SMS accounts for 49% of bank charges
The NOIPolls limited recently released a report which focused on banks charges where SMS charges by lenders accounted for 49 percent of total charges.
The reporte noted that Automated Teller Machines (ATM) and debit card maintenance accounted for 46 percent of lenders charges, the N65 charge after three withdrawals per month accounted for 38 percent while inter-bank transaction charges accounted for 18 percent of banks charges.
However, BusinessDay spoke with some customers of the banks. “I just checked my account balance dialling …. Short code number, for the first time, I took notice of the SMS alert. I found that I was charged N10, why, one customer of a tier one bank said.
“I run a savings account and my bank sent me an SMS deducting money for stamp duty”, a tier II bank customer told BusinessDay. “I run a savings account and this they have done trice”, another bank customer said.
The revised guide to banks charges released by the Central Bank of Nigeria (CBN) in April 2017 stated that SMS which is compulsory is N4 subject to directives by Nigerian Communication Commission (NCC) and that banks should charge not more than N4/SMS.
However, where a customer opts not to receive SMS alert, the customer should issue an indemnity (for losses that may arise as a result) to the bank. (Fees on alerts are restricted to only customer-induced transactions). All associated notifications relating to a particular transaction should be consolidated into a single SMS alert.
Tony Ojobo, director, public affairs, NCC had explained that the N4 SMS alert fee goes to the telcos while the valued added service that banks are riding on take the remaining N6.
Looking at what should be done to address the issue of indiscriminate charges, 31 percent of the respondents in NOIPolls said the CBN should regulate bank charges, 28 percent were of the view that banks should reduce transaction charges, 23 percent said the CBN should scrap bank charges, 8 percent believed in notifing customers before affecting new changes and 6 percent said the CBN should caution banks.
The “Guide to Charges by Banks and Other Financial Institutions” (the Guide) provides a basis for the application of charges on various products and services offered by banks and Other Financial Institutions (OFIs) in Nigeria to their customers. This document applies to banks and other financial institutions under the supervisory purview of the CBN.

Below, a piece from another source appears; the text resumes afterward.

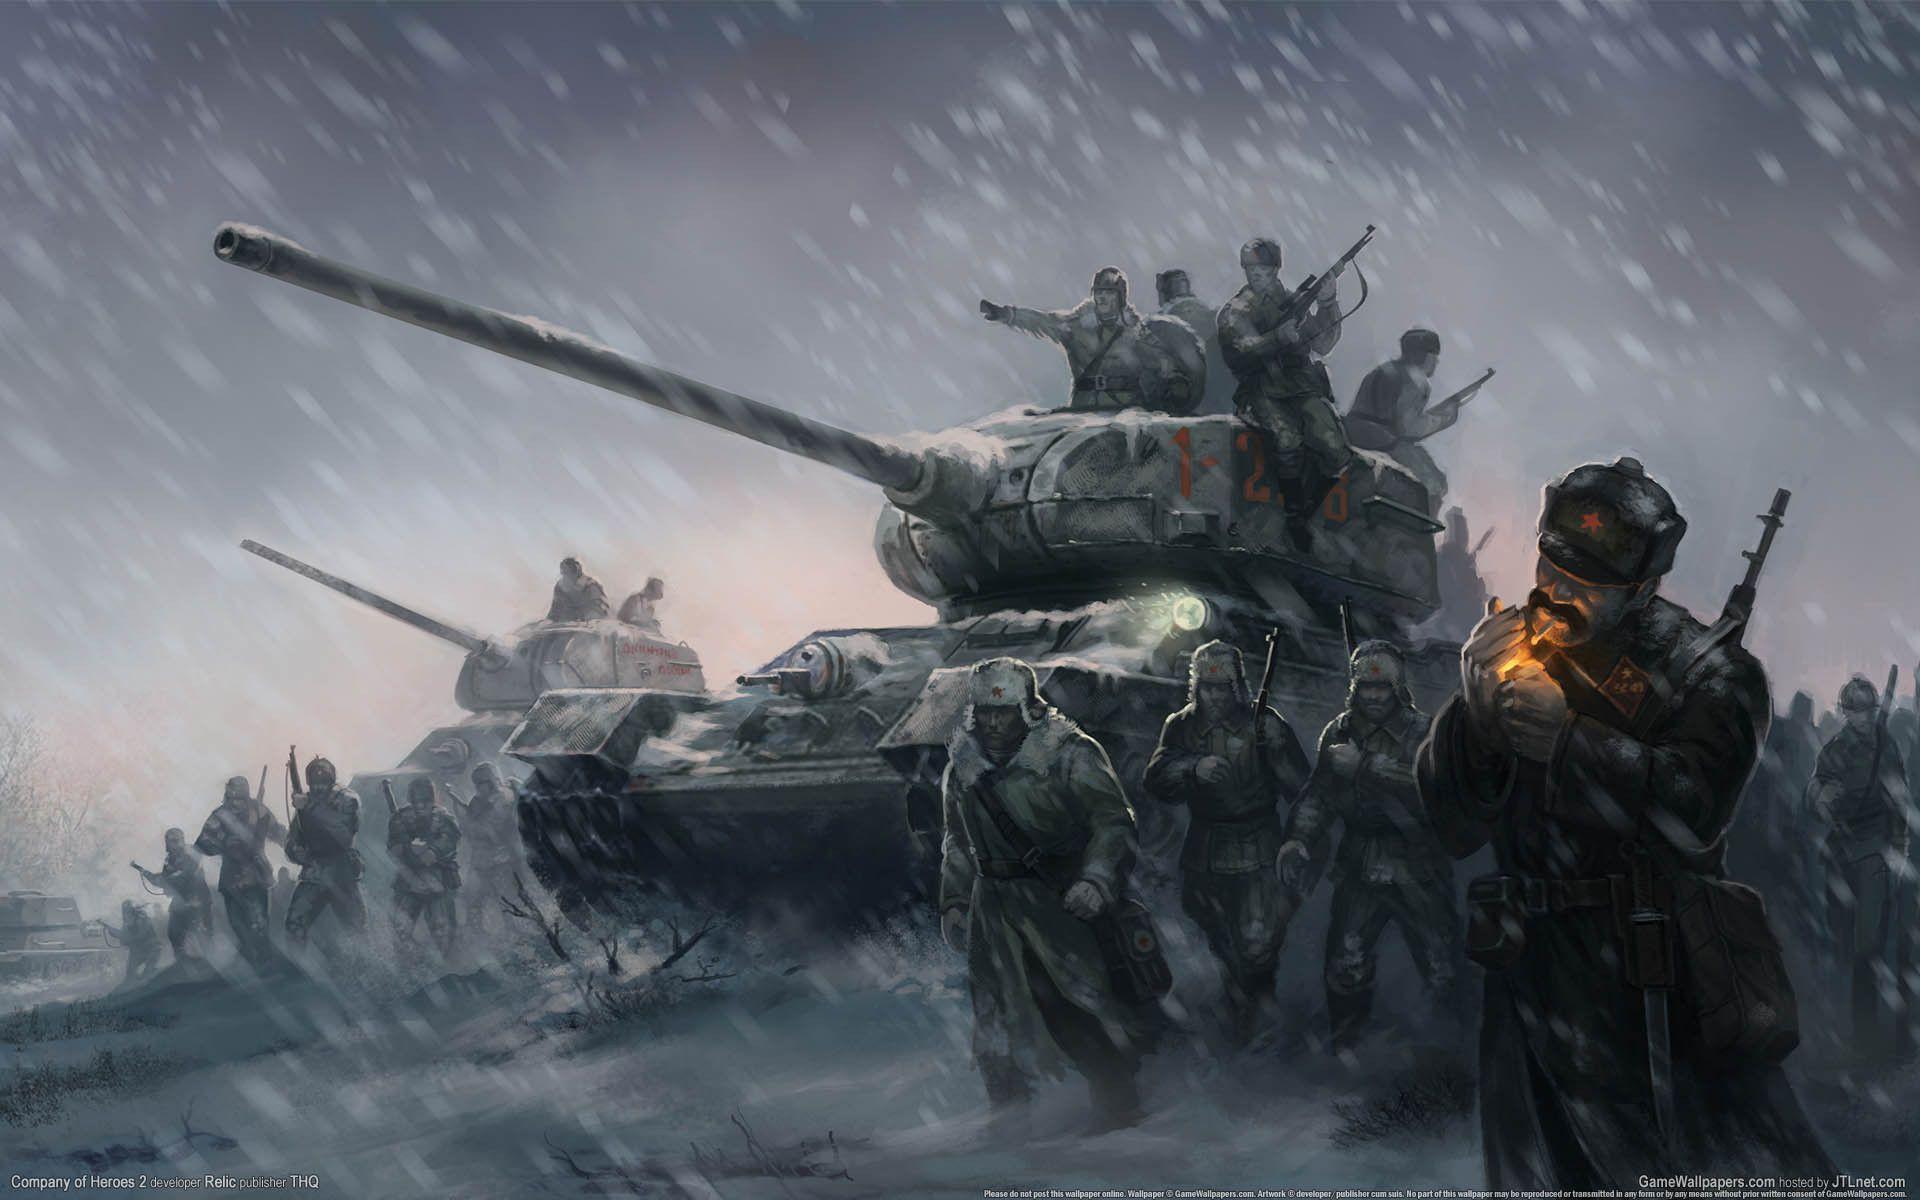 Skachat Oboi Vtoraya Mirovaya Vojna Game Wallpapers Soldiers

The charges prescribed in the Guide were arrived at after extensive consultation with stakeholders. The intendment of the Guide is to enhance flexibility, transparency and competition in the Nigerian banking industry.
More findings from the poll revealed that about 7 in 10 respondents (76 percent) were of the opinion that the Central Bank of Nigeria (CBN) has not done enough to defend bank customers from the onslaught of incessant bank charges from commercial banks, particularly in this recession when ordinary Nigerians are feeling the pain of the economic downturn.